His story transformed his care. I printed it out and handed it to all of his caregivers. They remembered it. They told each other about it. Two of his caregivers were Ethiopian and they’d had no idea that my father had lived in Ethiopia for four years early on in his career with the United Nations. They became his champions, spending hours showing him their own family photos of Addis Ababa and Lalibela.

And now when he grew agitated, they could more easily distract him. “Hey, Gray, you want some doro wat?” they’d ask, knowing he loved the spicy Ethiopian dish. The community brought in famed dementia specialist Teepa Snow to work with my dad. Teepa discovered that he hated being touched by strangers, which was a problem because he was incontinent and needed help bathing. But she also found that his manners drilled into him by his mother were an asset.

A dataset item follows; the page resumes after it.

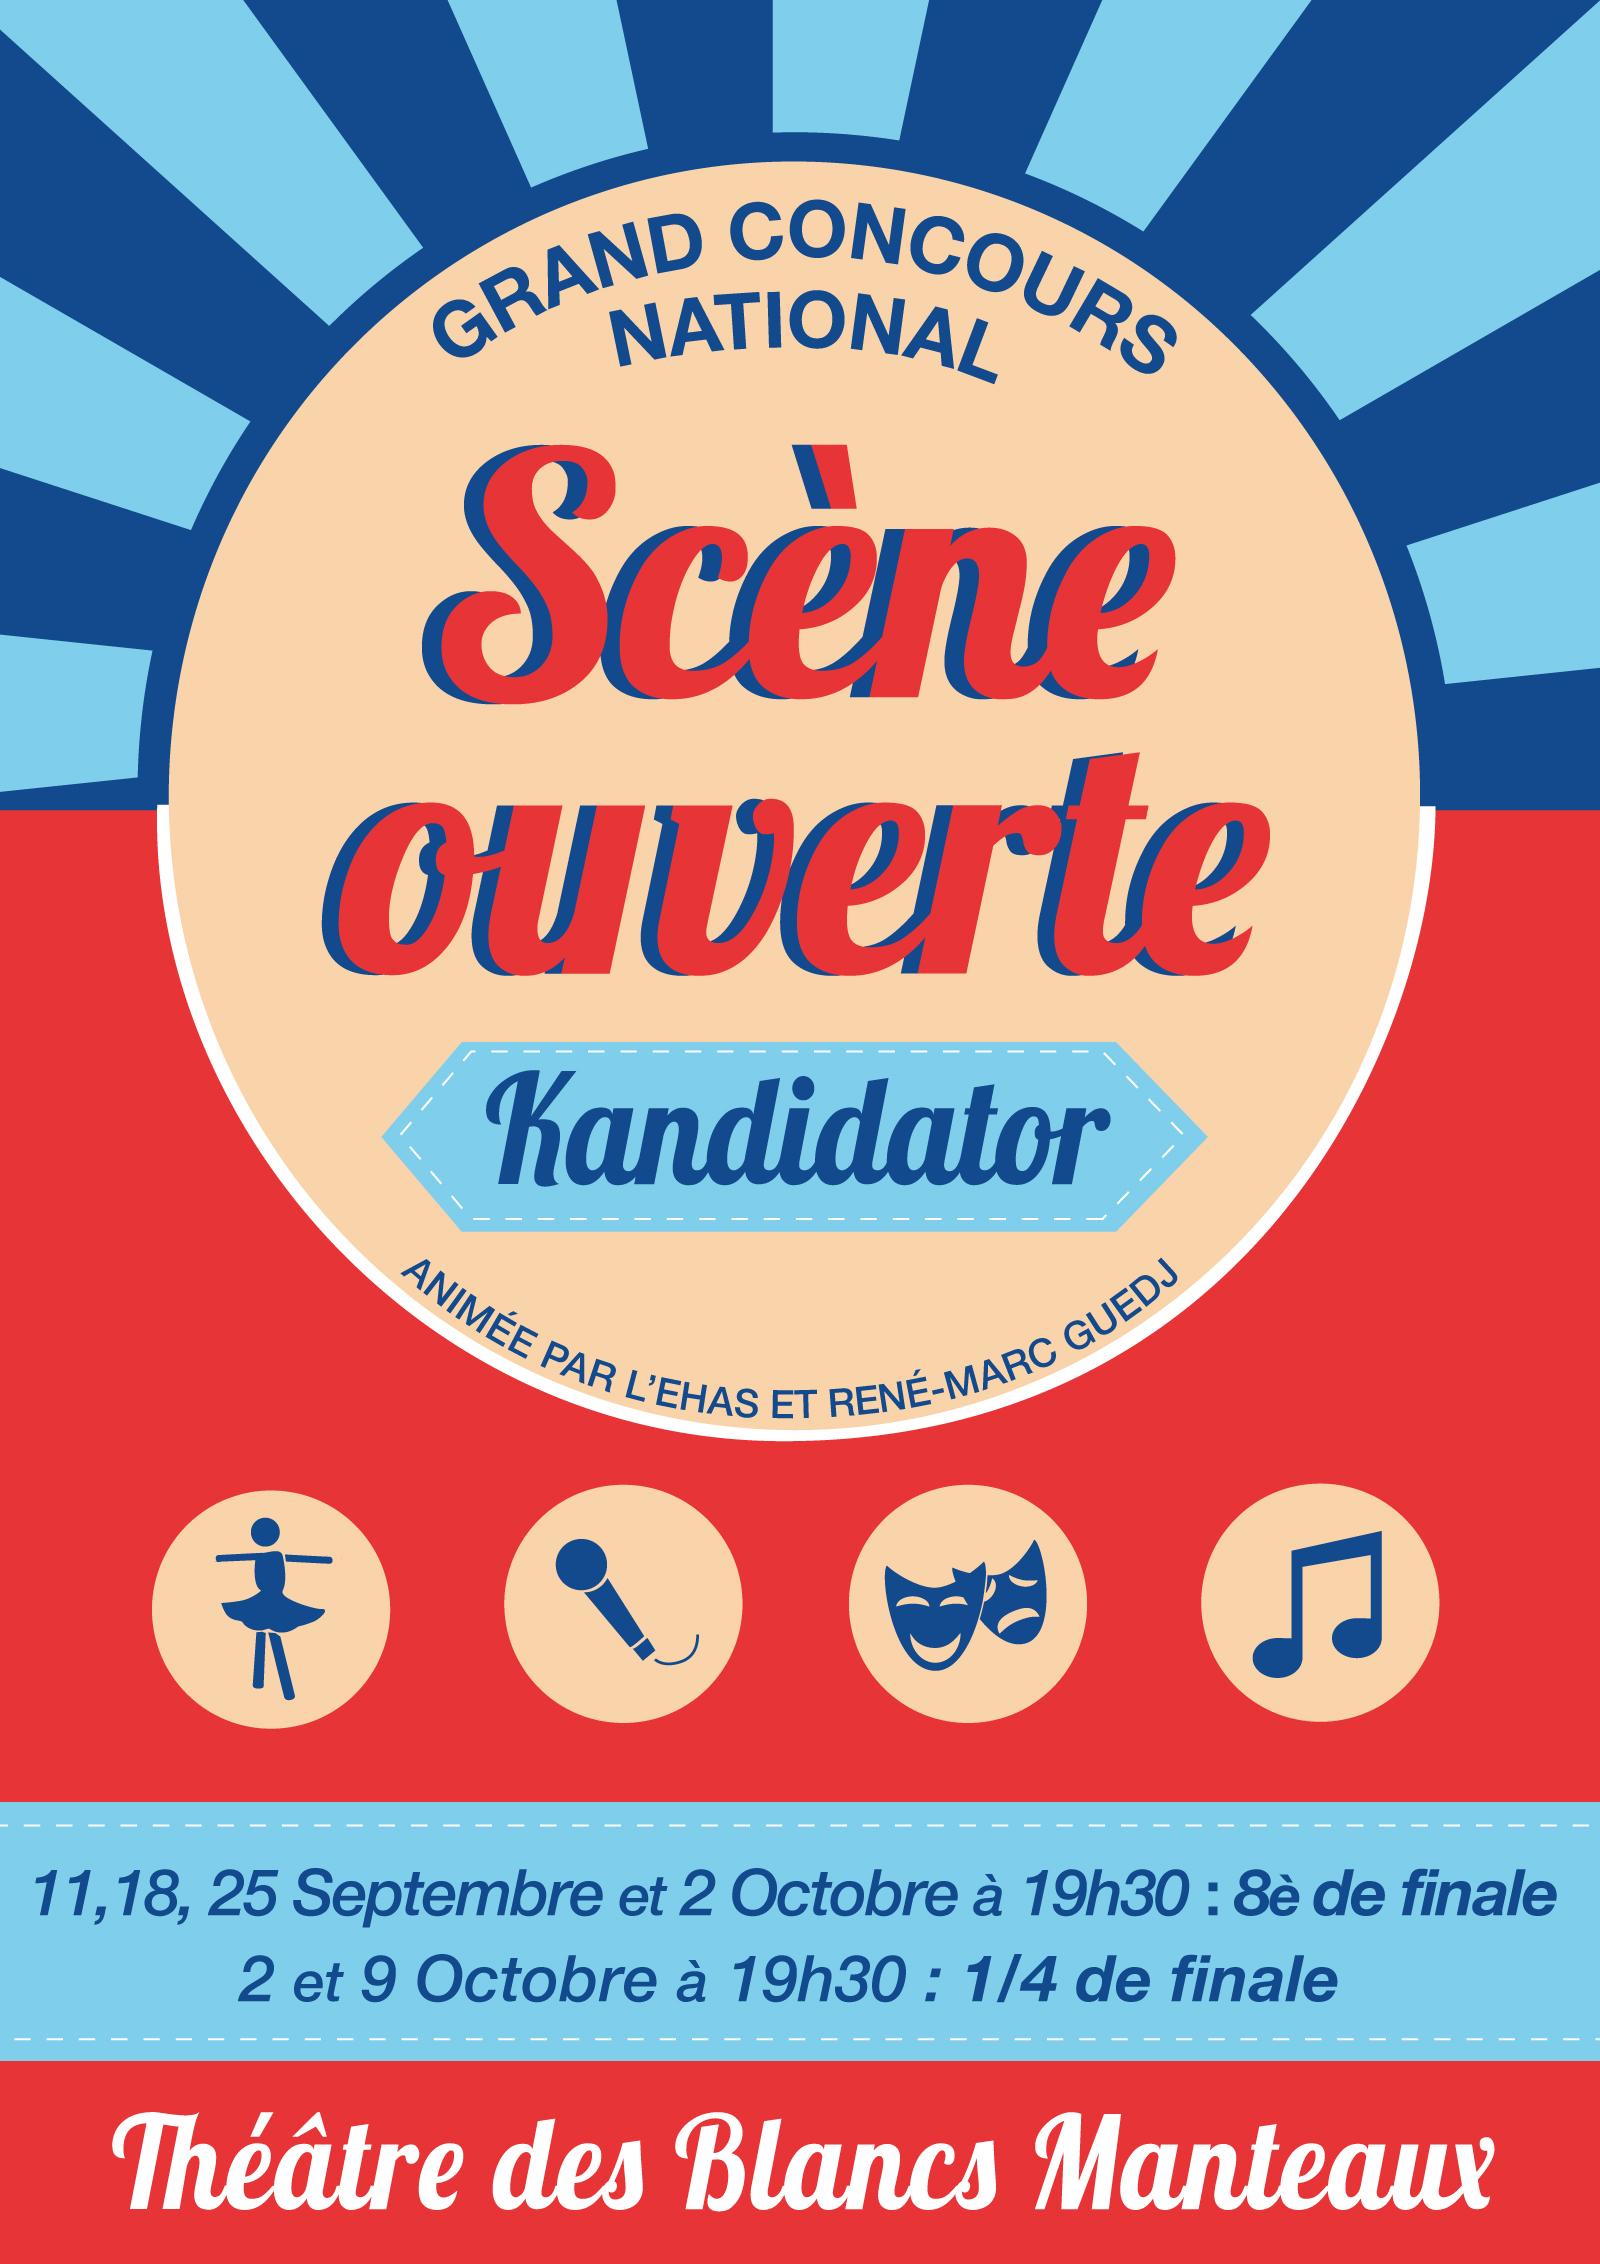 Huitième de Finale, le 25 Septembre - Théâtre des Blancs-Manteaux

If someone he didn’t know tried to change him, he would resist, violently. But if they started to talk to him about his life on intimate terms, he would get embarrassed that he didn’t remember them and out of politeness become compliant. So, if you talked to him about getting him dressed to see his mother Clarice and father Cecil, or preparing to go golfing with his brothers Geoff and Trevor, he’d cooperate because he felt you knew  him, or became chagrined that you must know him and he didn’t remember you.

My father was an explorer. As a diplomat, he reveled in other cultures. And that’s who he was until the end. Someone easily distracted by an exotic dish, or an alien landscape. If you knew that about him, if you knew him, he was easy to handle, a joy, even. If you didn’t know who he was, he became a monster.

For him, his story—and the context it brought—made all the difference.